Not that we have much choice in the matter.

Not sure why but ever since a pup he is the dog that must be by the pregnant goats. Watches them so closely and watches over all the newborn kids.

Since our set up has changed  bit and he is full time in the kidding /kids area he has taken it upon himself to go over the kidding stalls (some 5 ft high) and STAY with the goat.

He has done this all year. I don't question it, I just move with it. He knows what he is doing.
It seems when they get real close he MUST be in with them.

It is not for the birthing fluids or afterbirth- he is trained to not touch it, and he doesn't.

Another reason to love these incredible dogs! I can see on the monitor but knowing he is there and will help clean a kid super fast or bark like crazy if something is wrong is such a comfort.

Jane doesn't even know this dog- it isn't one of her guardians... yet she trusts him. 
So sweet!

Sooooooooooooo.... share your pics of your dogs in kidding stalls too! 
Love to see these guys doing what they do!

D with Jane



 

D with Trouble


 

D with Ruby- Ruby in active labor!


----------



## babsbag (Jun 7, 2017)

I don't have pictures, but Francis is the kid guardian during birth.
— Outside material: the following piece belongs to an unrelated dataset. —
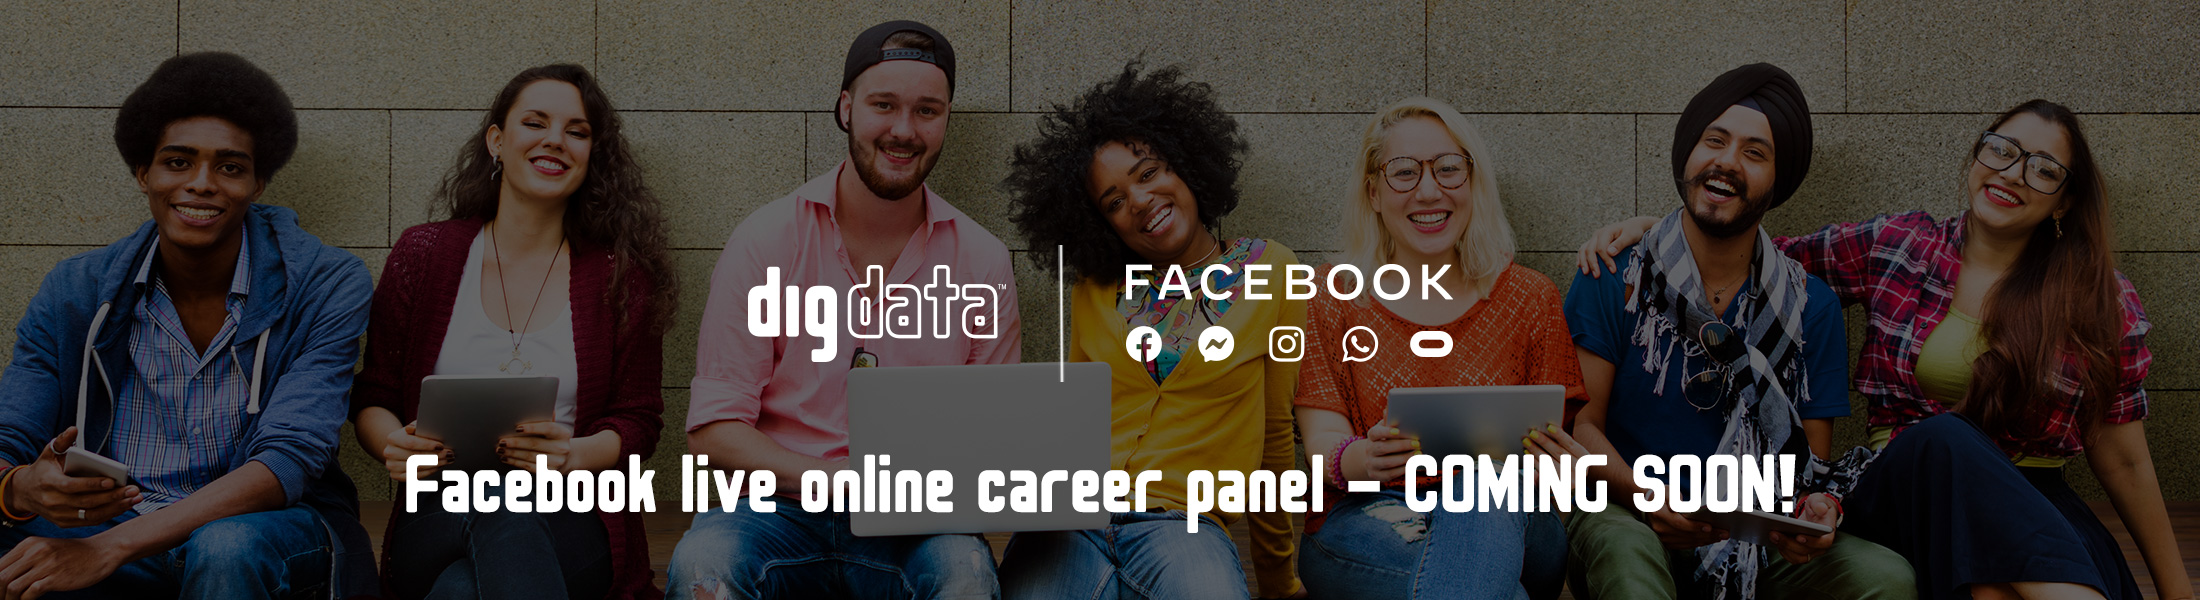 Digdata Facebook live online career panel banner

I came home yesterday to a doe that had started kidding, two on the ground already. Francis had cleared the area of other goats and dogs. I knew from a distance that she was in labor as she was standing all alone with a big white guardian standing by her side.


----------



## luvmypets (Jun 8, 2017)

This is so beautiful, D must just sense that his herd is about to expand. Our dog is respectful of the animals but by no means has a bond anywhere near that close with them. Its such a special thing, you can see how much he loves them! So pretty, I just adore the photos  

Silly question but does the doe code work on dogs? Lol I was wondering because babs says she can tell when a doe is in labor for that reason. Hopefully dogs can sense the hormonal change and the does arent just messing with them


----------



## babsbag (Jun 8, 2017)

@luvmypets  The dogs seem to know when it is the real deal. Francis will stay closer to them and sniffs them more, I am sure they go by smell more than anything else. These are goats that are kidding in the field or the barn, not in stalls. Goats that are in stalls will have a dog sitting right outside up against the wire gate, but it usually isn't Francis. When he knows that they are safe he doesn't stay with them. It is usually Mia on watch if they are in a kidding stall. This night it was both Mia and Alondra. There isn't room in the stall for them so they have to stay out.


----------